Types and Mechanisms of Transposition

  1. Transposons are commonly referred to as “jumping genes” because of their capacity to jump from one location to another.
  2. However, the word is rather deceptive as it indicates that DNA always leaves one location and moves to another.
  3. This type of transposition is known as nonreplicative transposition or “cut and paste” because both strands of the original DNA transfer from one location to another without reproducing.
  4. Nevertheless, transposition typically involves DNA replication, so one copy of the transposon remains at its original location while another copy inserts at the new location. This is known as replicative transposition (or “copy and paste”) because a transposon that moves along this route repeats itself.
  5. Consequently, there are two forms of Transposition, including:
    1. nonreplicative transposition (or “cut and paste”) 
    2. replicative transposition (or “copy and paste”) 

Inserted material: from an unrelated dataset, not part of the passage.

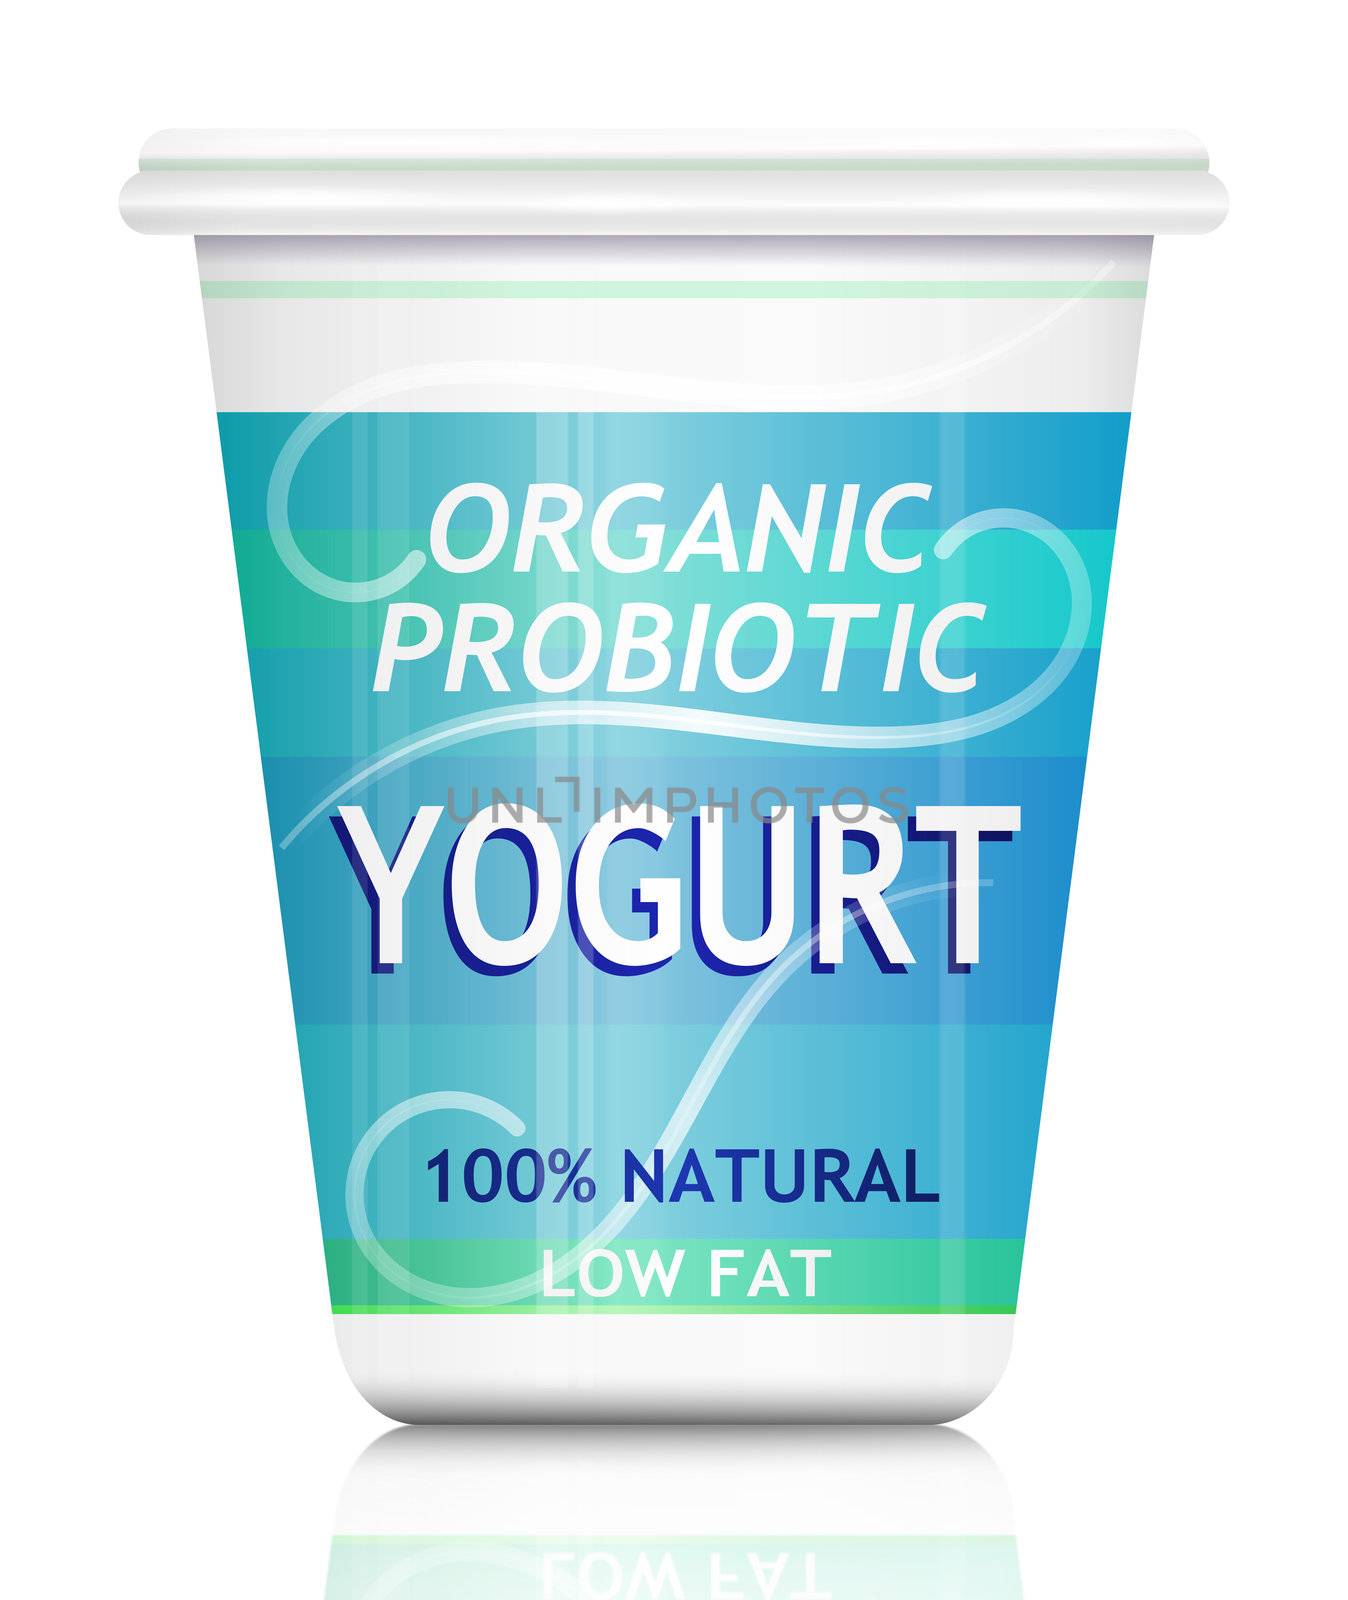 Illustration depicting a single organic probiotic yogurt container arranged over white.
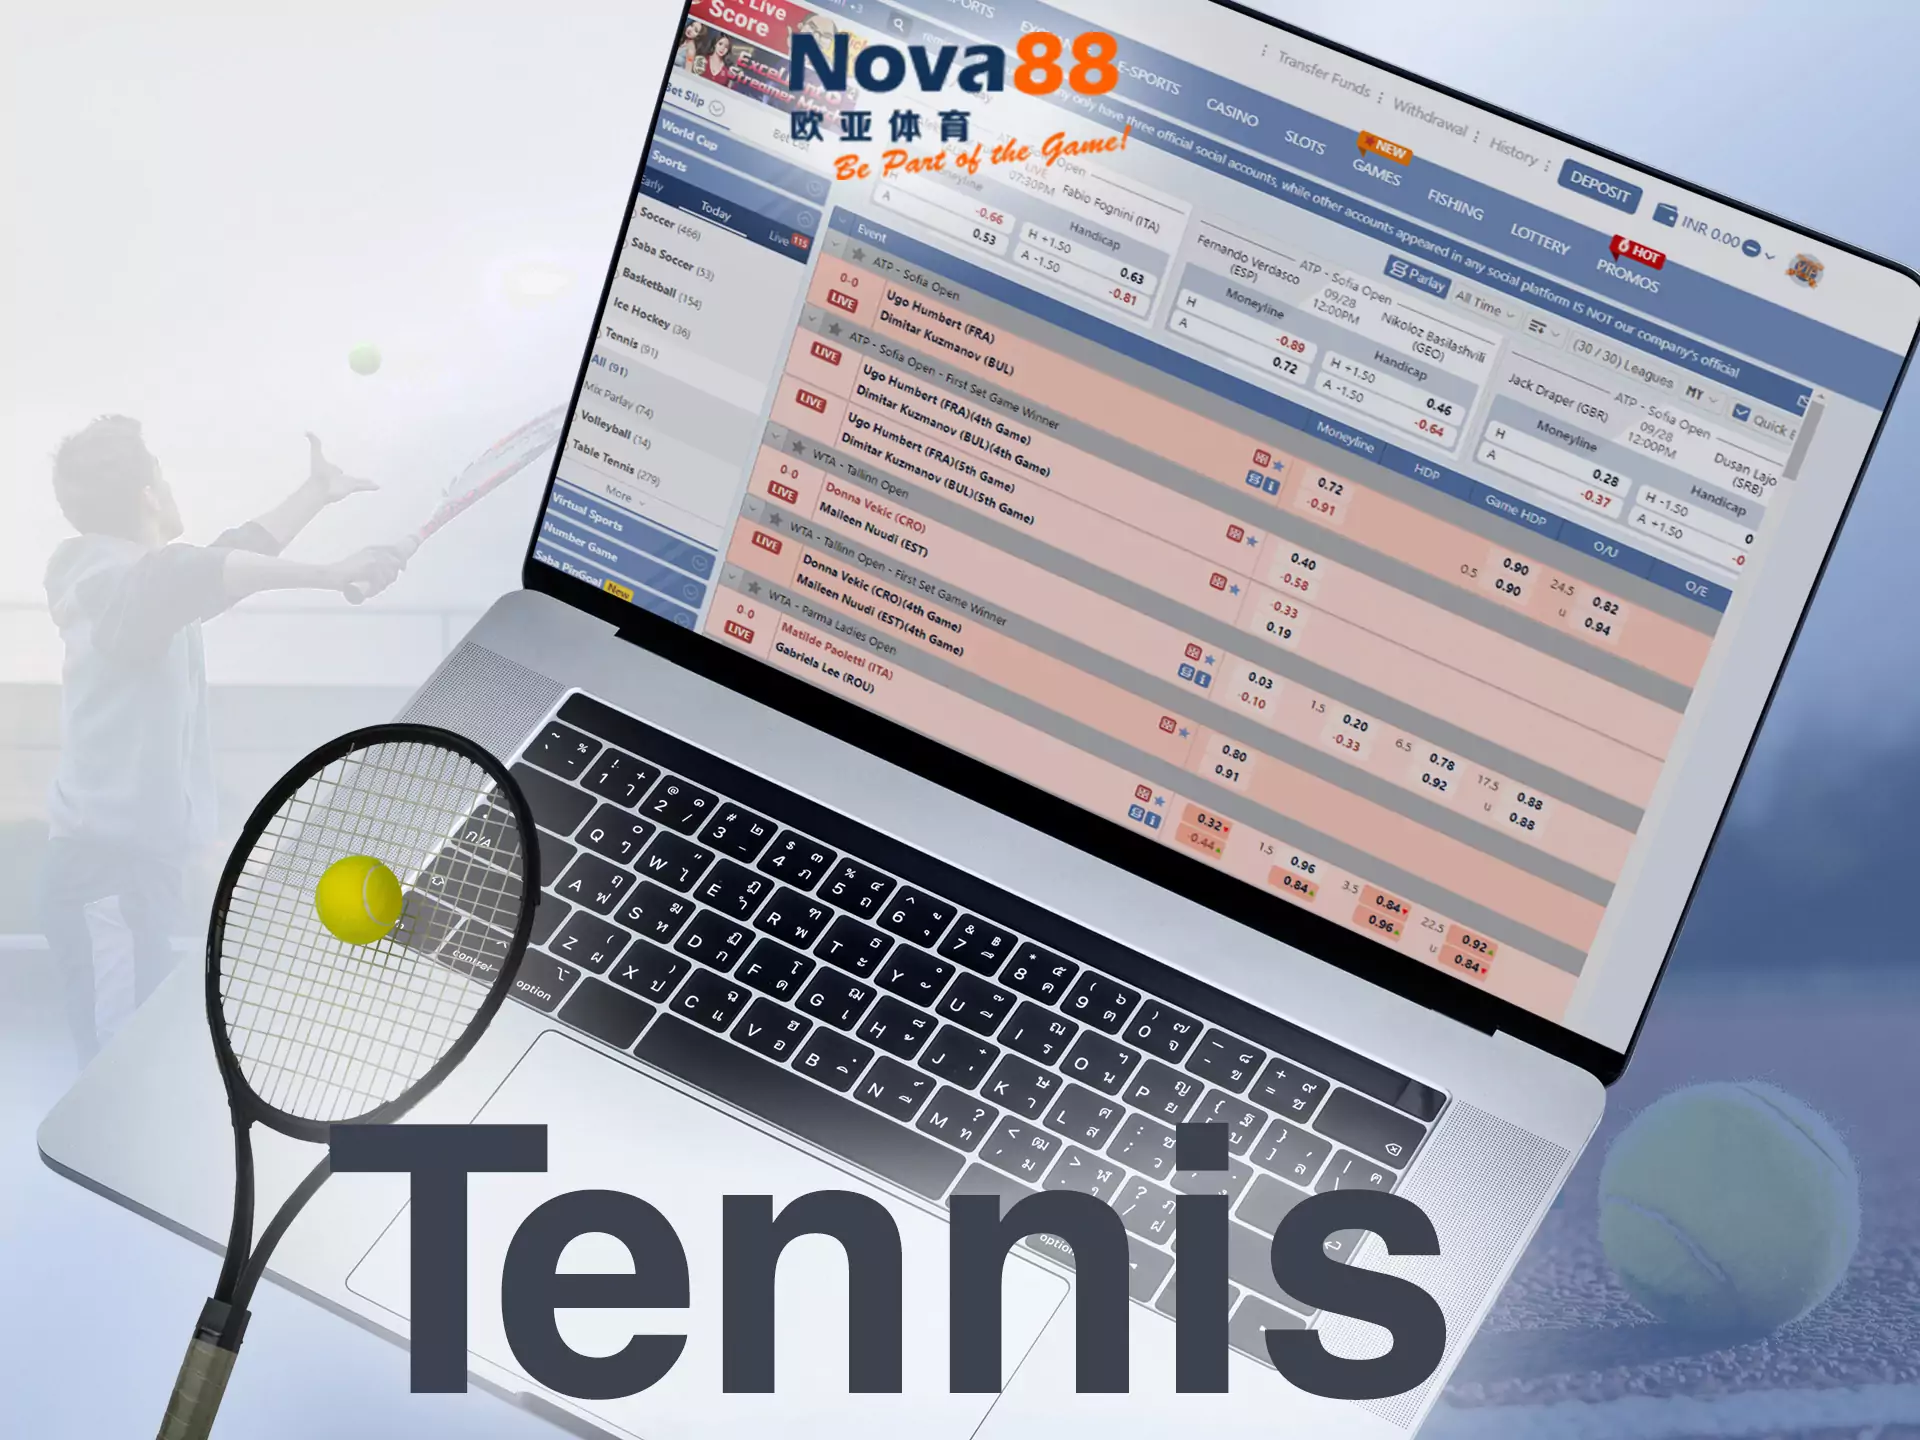 In the Nova88 sportsbook, you find lots of tennis matches.

1. Replicative Transposition

  • When a transposon replicates, making a new copy while leaving the old copy behind, it is referred to as a replicative transposon, however when transposons travel from one location to another, leaving a gap behind, they are referred to as non-replicative transposons.
  • Simply said, replicative and non-replicative transposition are also referred to as copy-and-paste and cut-and-paste transposition, respectively. 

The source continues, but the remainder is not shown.